Stal Mielec vs Puszcza Niepołomice, wynik spotkania: 2-1

W sobotnie popołudnie na Stadionie Miejskim w Mielcu odbył się zacięty pojedynek pomiędzy drużynami Stali Mielec i Puszczy Niepołomice. Mecz ten, który miał miejsce trzy dni temu, podczas 20. kolejki Ekstraklasy, dostarczył kibicom wiele emocji i niezapomnianych momentów. Po widowiskowej rywalizacji to gospodarze cieszyli się z cennej wygranej 2-1, odwracając losy spotkania po pierwszej połowie, gdy goście prowadzili 1-0.

Relacja z przebiegu meczu Stal Mielec - Puszcza Niepołomice

Stal Mielec podejmowała na własnym terenie drużynę Puszcza Niepołomice w ramach 20. kolejki Ekstraklasy. Mecz odbył się na Stadionie Miejskim w Mielcu o godzinie 17:00. Sędzią głównym spotkania był Jarosław Przybył.

Pierwsza połowa rozpoczęła się zdecydowanie lepiej dla gości, którzy objęli prowadzenie już w 23. minucie. M. Cholewiak wykorzystał świetne podanie od M. Firleja i umieścił piłkę w siatce, dając Puszczy prowadzenie 1-0.

Stal Mielec starała się odrobić straty, jednak do przerwy wynik nie uległ zmianie i na tablicy świetlnej nadal widniało 0-1 dla gości.

Druga połowa to prawdziwa dawka emocji. W 66. minucie Maksymilian Pingot otrzymał żółtą kartkę, a atmosfera na stadionie zaczęła się zagęszczać. Gospodarze jednak nie poddawali się i w końcówce meczu zdołali odwrócić losy spotkania.

W 83. minucie I. Shkurin strzelił fantastycznego gola, wyrównując wynik na 1-1. Stal Mielec dążyła do zwycięstwa i ostatecznie udało im się to w doliczonym czasie gry.
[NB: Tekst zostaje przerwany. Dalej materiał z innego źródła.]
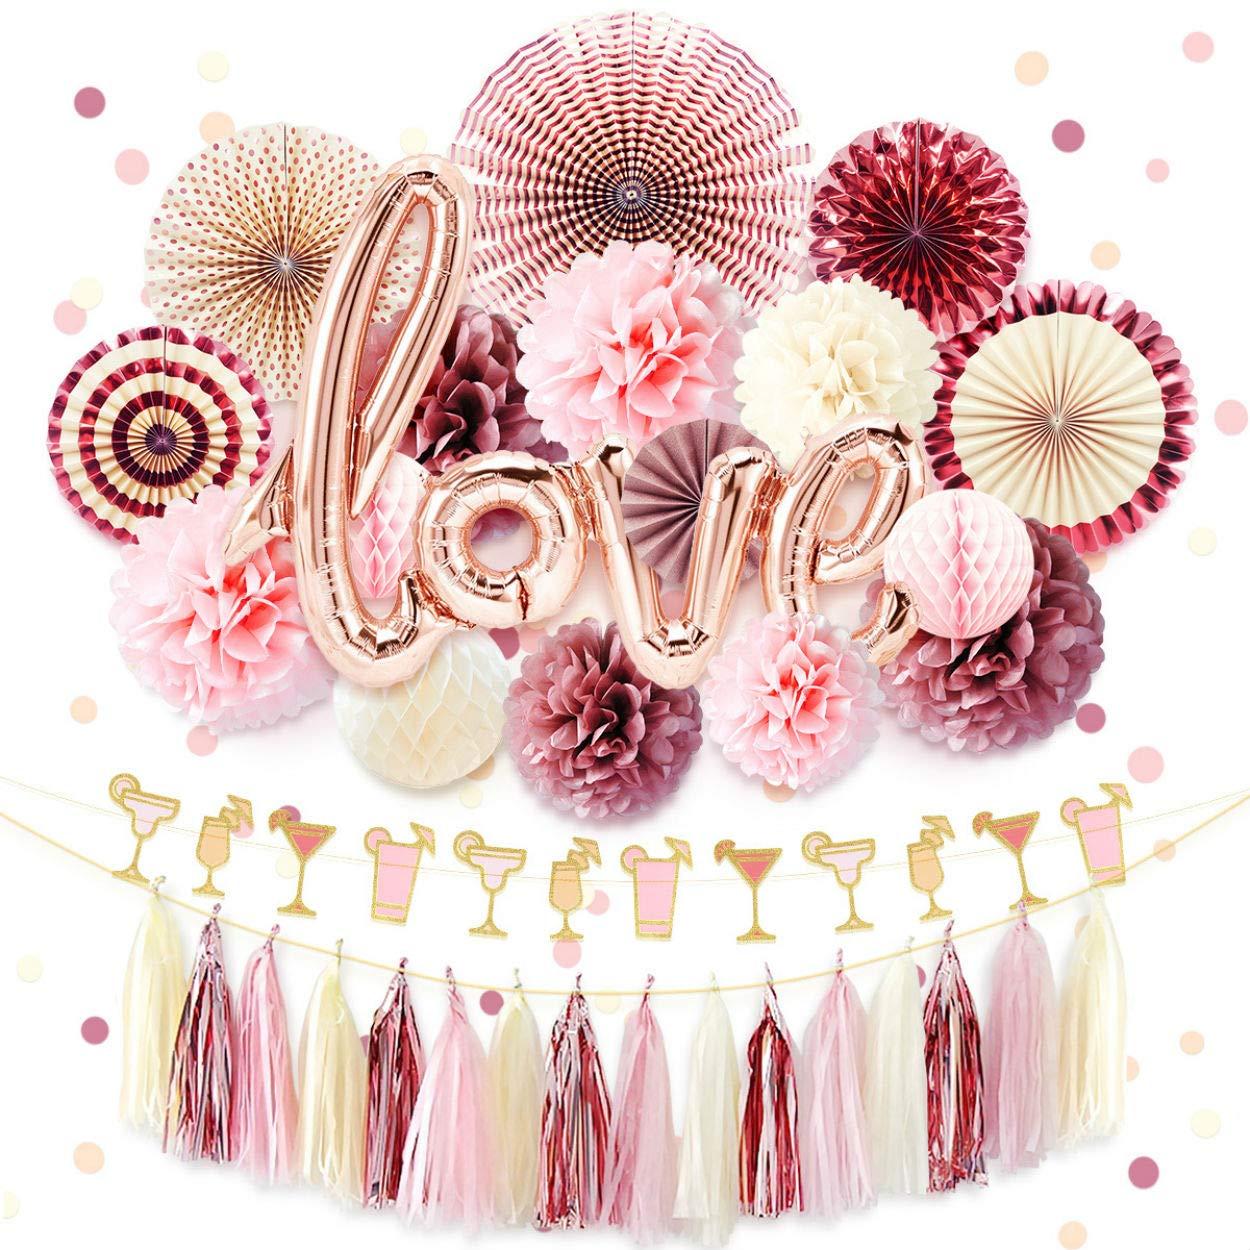 Amazon.com: NICROLANDEE Rose Gold Bridal Shower Decorations Pack ...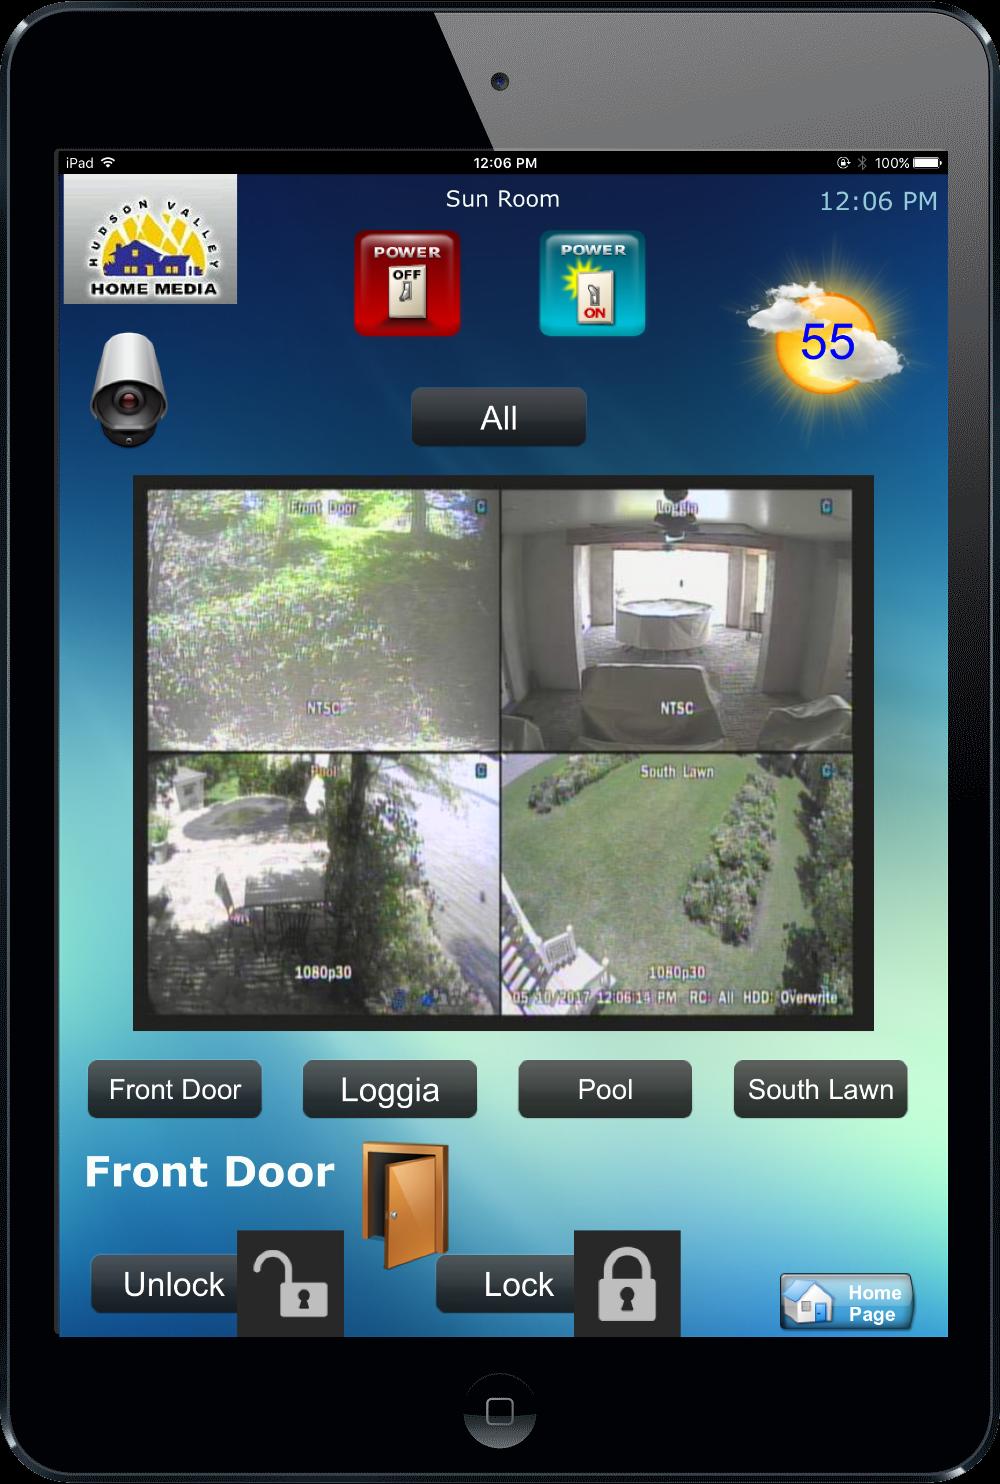 Smart Security Cameras HV Home Media Smart Home Monitoring Installation

W 90. minucie P. Wlazło popisał się skutecznym strzałem, zapewniając swojej drużynie zwycięstwo 2-1. Asystę przy tej bramce zanotował M. Domański, co tylko podkreśliło świetną grę Stali w końcówce meczu.

Ostatecznie emocjonujące spotkanie zakończyło się zwycięstwem Stali Mielec 2-1 nad Puszczą Niepołomice, co wywołało ogromne emocje zarówno wśród zawodników, jak i kibiców obu drużyn.

Warto również wspomnieć o kartkach, jakie padły podczas meczu. Oprócz wspomnianego już Pingota, w 90. minucie żółtą kartkę otrzymał również strzelec bramki na wagę zwycięstwa, Piotr Wlazło. Z kolei w ekipie gości kartki obejrzał Oliwier Zych (73') oraz Roman Yakuba (90').

Po meczu można było odczuć euforię wśród kibiców Stali, którzy cieszyli się z cennych trzech punktów. Następne wyzwania czekają już na obie drużyny, a kibice nie mogą doczekać się kolejnych emocji na boisku.